To evaluate the performance of the YOLOv11-SNEW model on the task of weed identification, a multi-model identification performance comparison experiment was designed in which YOLOv5s, YOLOv8s, YOLOv11s and the improved YOLOv11-SNEW model proposed in this paper were considered. Experiments were carried out based on training, validation and test sets prepared as described above. The hyperparameters were configured with a learning rate of 0.01, a batch size of 32, and a training period of 300 rounds. We note that YOLOv5s uses the CSPDarknet53 backbone network, which reduces the computational complexity through the cross stage partial (CSP) structure, and combines the PANet feature fusion path with decoupling head design. The scaling parameters were [0.33,0.50,1024], i.e. the depth factor was 0.33, the width factor was 0.50, and the maximum number of channels was 1024. YOLOv8s has an optimised backbone network based on YOLOv5s; it includes the efficient C2f module and the bidirectional feature pyramid to enhance the cross-scale information flow, and is equipped with the task pair to enable dynamic adaptation of the target shape adjustment anchor box uniformly. The scaling parameters were [0.33,0.50,1024]. In YOLOv11s, the multi-scale feature fusion network is optimised based on YOLOv8 to enhance the model’s ability to extract small targets. It is equipped with an improved feature pyramid and an adaptive boundary detection head. In this case, the scaling parameters were [0.50,0.50,1024]. The scaling parameters of YOLOv11-SNEW were also [0.50,0.50,1024]. When the training was complete, the accuracy rate, recall rate and mAP50 index for each model were evaluated using the test set to enable a quantitative comparison of their performance in weed detection. The evaluation results are shown in Figure 13.

FIGURE 13
Comparison of performance results from several models: (A) accuracy; (B) recall; (C) mAP50.

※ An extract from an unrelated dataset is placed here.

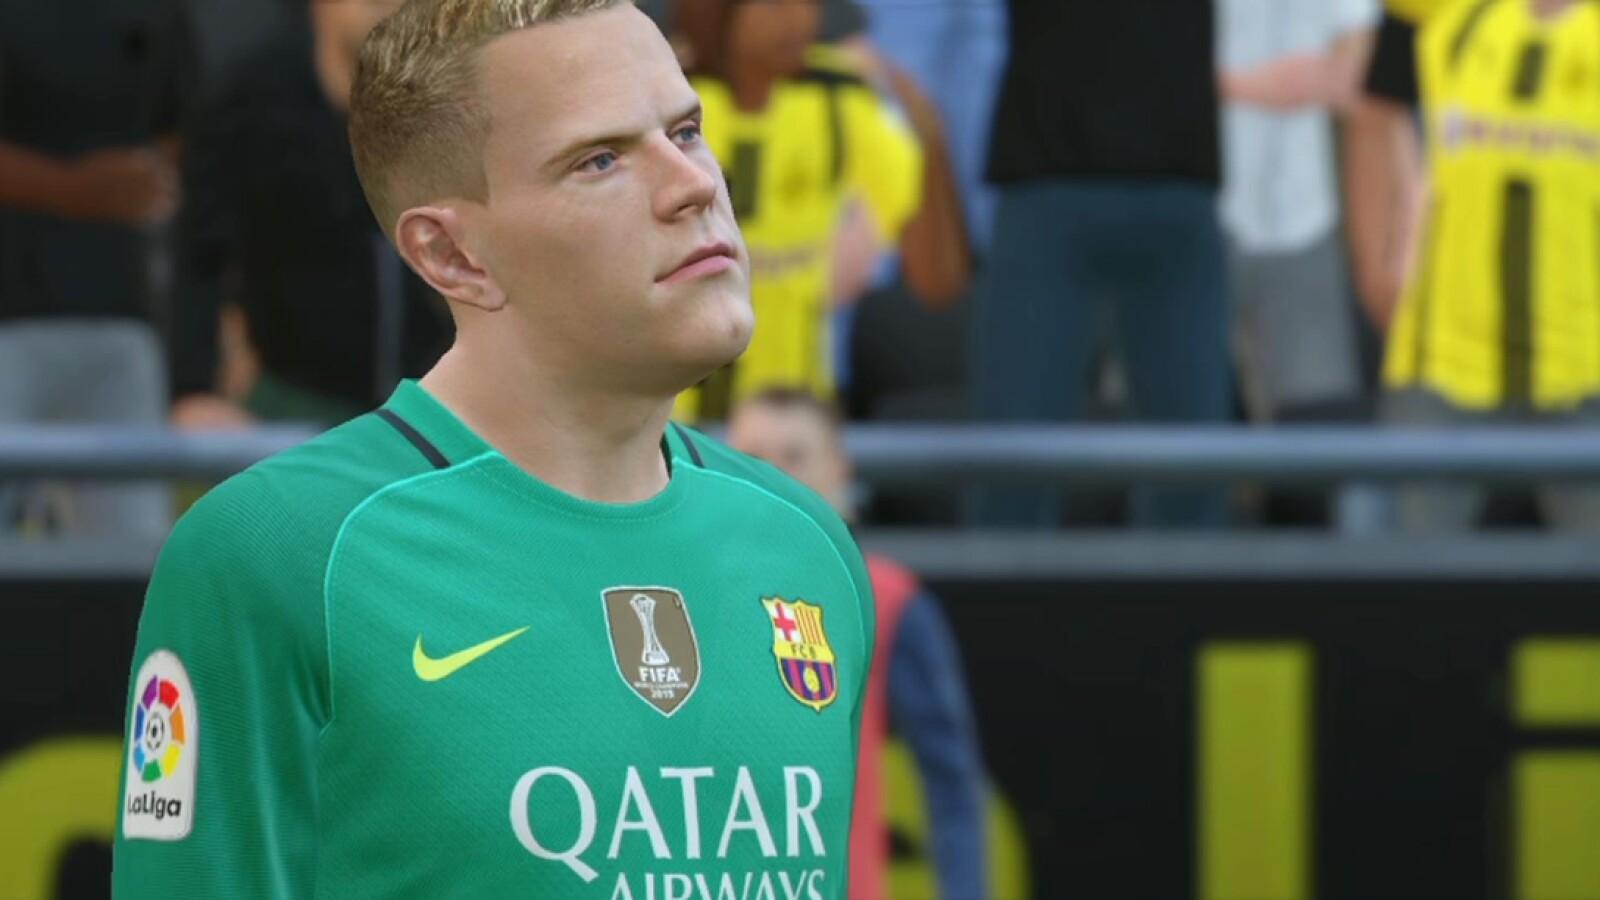 Fifa 17 Lsungen Fr Die Hufigsten Probleme Mit Dem Ea Spiel Sony Ps4 Game Netzwelt

As shown in Figure 13 and Table 1, the recognition accuracies of the four models for Digitaria sanguinalis, Chenopodium album, Cirsium arvense var. integrifolium, Cyperus rotundus, and Zea mays varied significantly. The highest recognition accuracy was achieved for Chenopodium album, with the results from all four models exceeding 97%. YOLOv11-SNEW gave the best results, with an accuracy of 98.9%, a recall rate of 97.6% and an mAP50 of 97.3%. In contrast, YOLOv8 achieved 97.7% accuracy, YOLOv11 had the lowest recall rate (94.1%), and YOLOv5 had the lowest mAP50 (94.2%). The superiority of these results can be attributed to the serrated edges and distinct, clear textures of Chenopodium album leaves, which provide a high level of distinguishability of the image features, enabling the models to quickly locate and extract more effective information for accurate recognition.

The poorest recognition performance was found for Cyperus rotundus. YOLOv11-SNEW achieved only 90.3% accuracy for this weed, with a recall rate of 93.0% and an mAP50 of 95.2%, while YOLOv5 performed even worse, with an accuracy of 81.7%, a recall rate of 74.5%, and an mAP50 of 86.1%. This is because the slender leaves of Cyperus rotundus lack a distinctive texture and often grow densely, leading to frequent occlusion and incomplete feature extraction. Its lighter colour compared to Chenopodium album also causes confusion with other weeds, further reducing the recognition accuracy.

The recognition accuracies for Digitaria sanguinalis, Cirsium arvense var. integrifolium, and Zea mays fell between these two extremes. YOLOv11-SNEW yielded the best performance of the four models, with accuracies of 92%, 93.8%, and 92.5% for these three plants, respectively. In contrast, YOLOv5 gave the lowest accuracies of 82.7%, 81.9%, and 86.5%. This difference may stem from the regular leaf arrangements of Digitaria sanguinalis, Cirsium arvense var. integrifolium and Zea mays, which facilitate feature extraction. Moreover, in images of the same size, individual Chenopodium album and Cirsium arvense var. integrifolium plants occupy larger proportions, providing more complete features and thus higher recognition accuracies.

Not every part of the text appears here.